The data quality issues raised with respect to the name field also existed in the six other user-entered data fields that Mr. Martin relied upon in his multistep aggregation process. Building on these data quality issues, the defendants attack Mr. Martin's selection of an iterative (multistep) deterministic methodology for his aggregation process as incorrect and unsupported. Defs.' Mot. 16-20. While the correctness of Mr. Martin's selection of a methodology is not a determinative factor in ruling on the defendants' motion to exclude Mr. Martin's expert opinion, I must consider whether Mr. Martin has supported his selection such that his opinion based upon that methodology is reliable. See Fed. R. Evid. 702(c).

Although the defendants assert in their motion that Mr. Martin's methodology selection was incorrect, Mr. Dennis does not appear to have reached that conclusion. Rather, he concluded only that Mr. Martin's selection was inadequately supported.

In his original report, Mr. Martin quotes and cites two health care research-related publications to convey basic information and considerations that could apply to any data matching method, of which there are several. See Martin Rpt. ¶¶ 43, 47, 48. His sources note that, because any method has pros and cons, the choice of method depends upon several factors, including the data's quality, how the matched records will be used, and the level of error that will be acceptable for that use. See Martin Rpt. ¶¶ 43, 47. Mr. Martin briefly describes two methods-deterministic and probabilistic-and indicates that he chose an iterative deterministic method. See Martin Rpt. ¶¶ 44-46, 54. Mr. Martin does not explain that choice in his original report. Rather, he again quotes from two health care research-related publications, each discussing conditions in which using a deterministic method might be appropriate. See Martin Rpt. ¶¶ 47, 49. He excludes any discussion of when a probabilistic method might be appropriate.
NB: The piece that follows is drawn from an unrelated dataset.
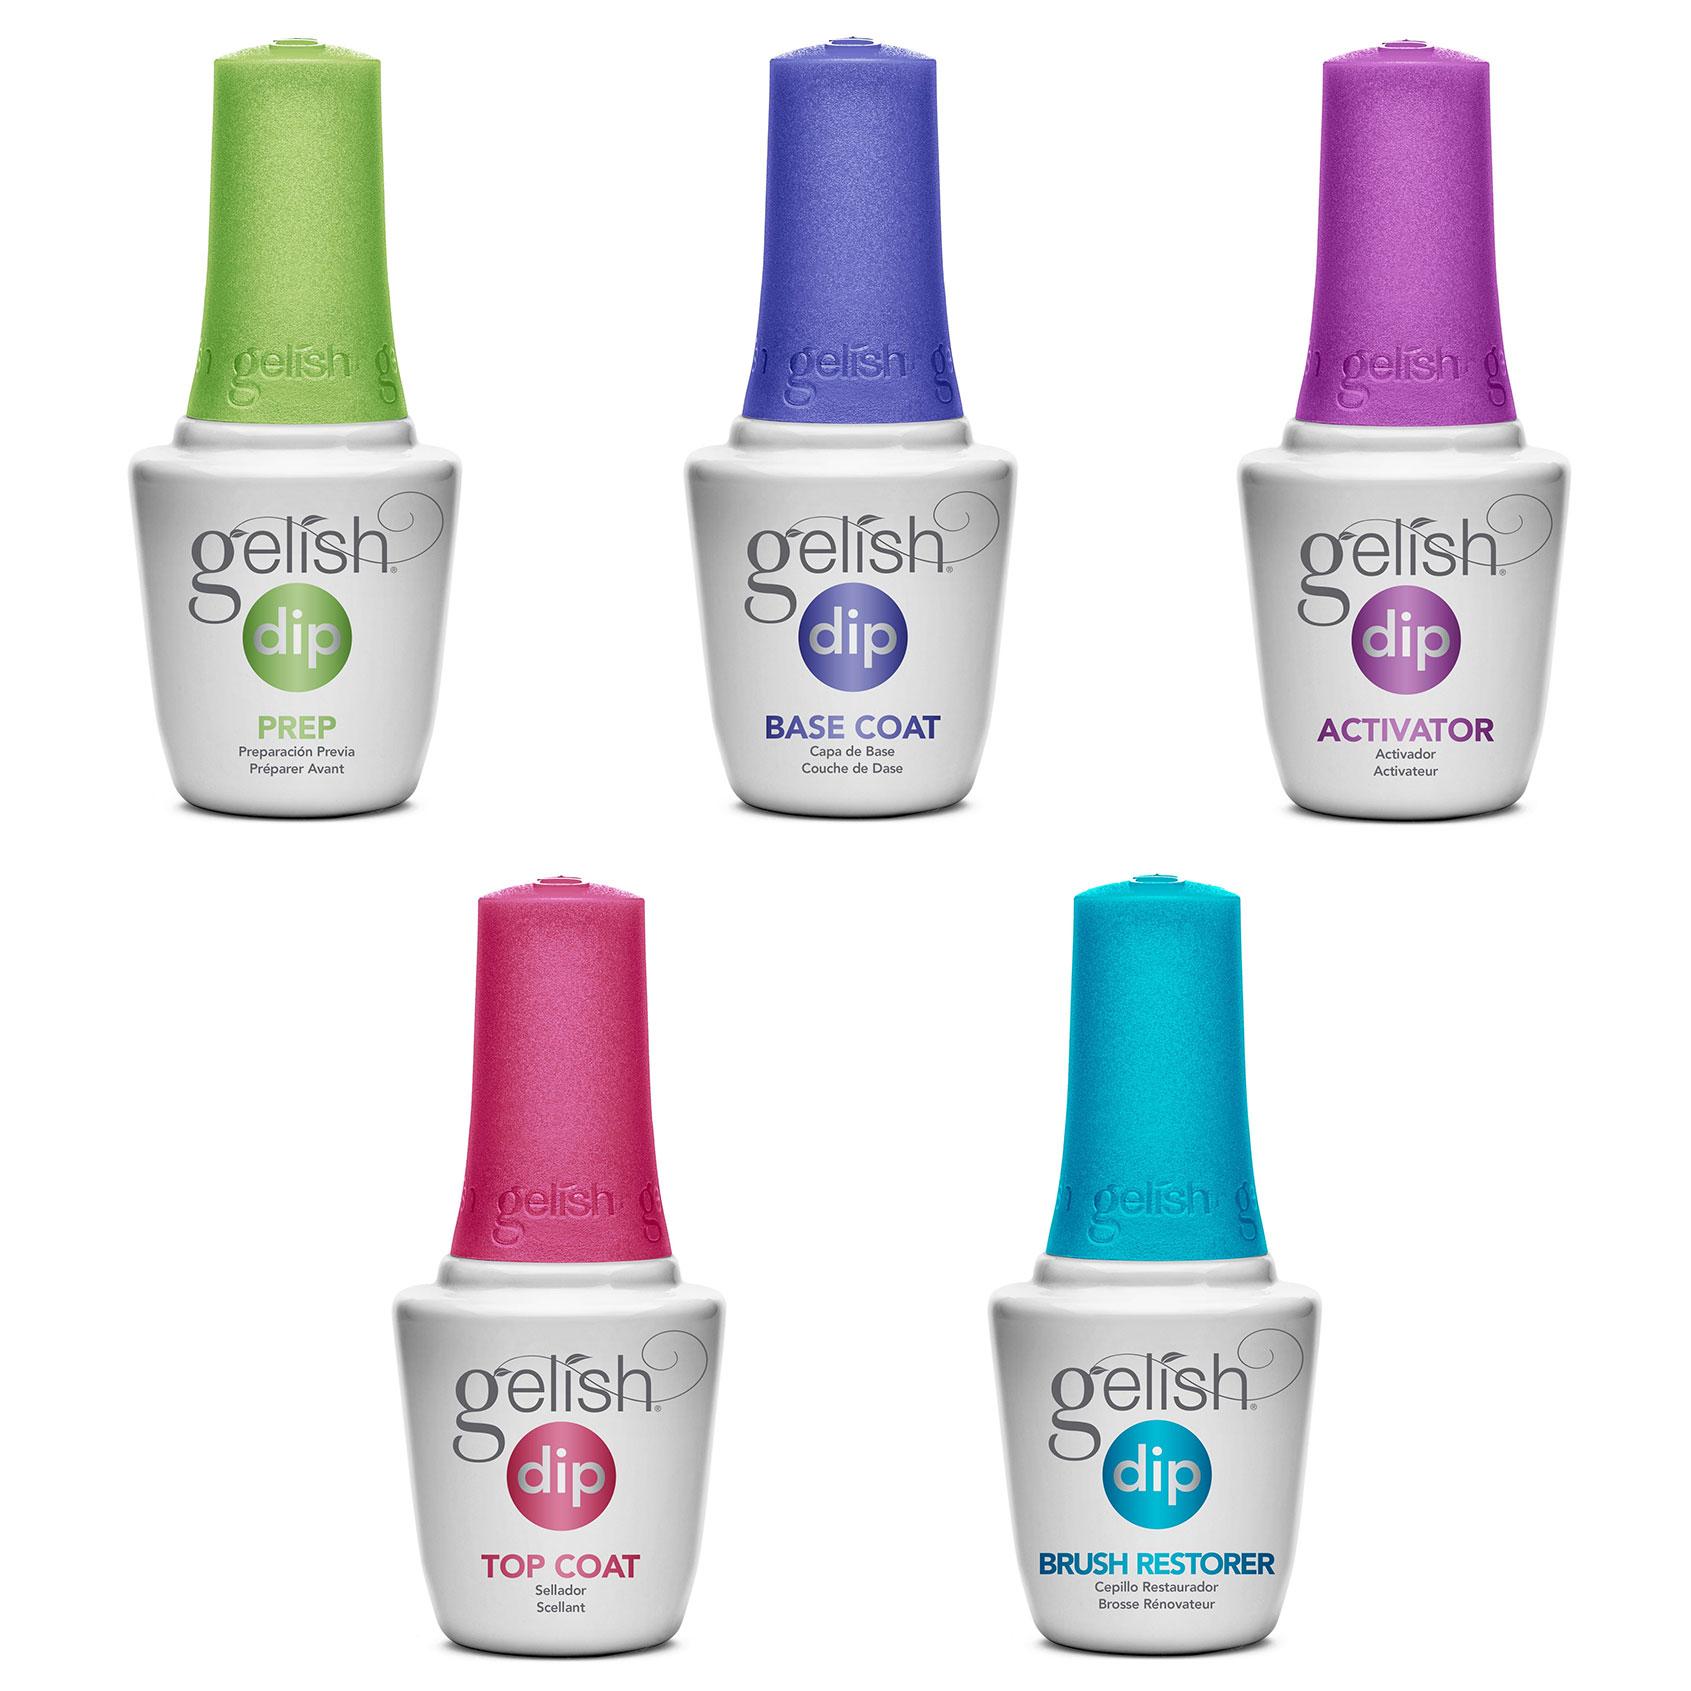 Gelish Soak Off Basix Acrylic Powder Nail Polish Dip Manicure Set ...

For a match to be made under a deterministic method, the data being compared must match exactly, character for character. For example, if the data from an email address field is to be matched between records, the data must be the same for a match to be made. In an iterative deterministic process (rolling the snowball) matches are generally made using a series of more lenient criteria. Under a probabilistic method, an exact match is not required. Matches are made based upon a degree of similarity between the data being compared. This method requires the use of mathematics and statistics to determine the likelihood or probability of a match based upon the similarities. Such a method could be appropriate if, for example, the data contains typographical errors or other discrepancies that could prevent exact matching of records that should be brought together.

According to Mr. Martin's first source:

In information-rich scenarios where direct identifiers are available and of good quality, deterministic methods have been recommended. . . . In scenarios that are information poor (where direct identifiers are unavailable) and/or the data are of poor quality, probabilistic methods consistently outperform deterministic methods and thus merit the extra time and resources required to implement them.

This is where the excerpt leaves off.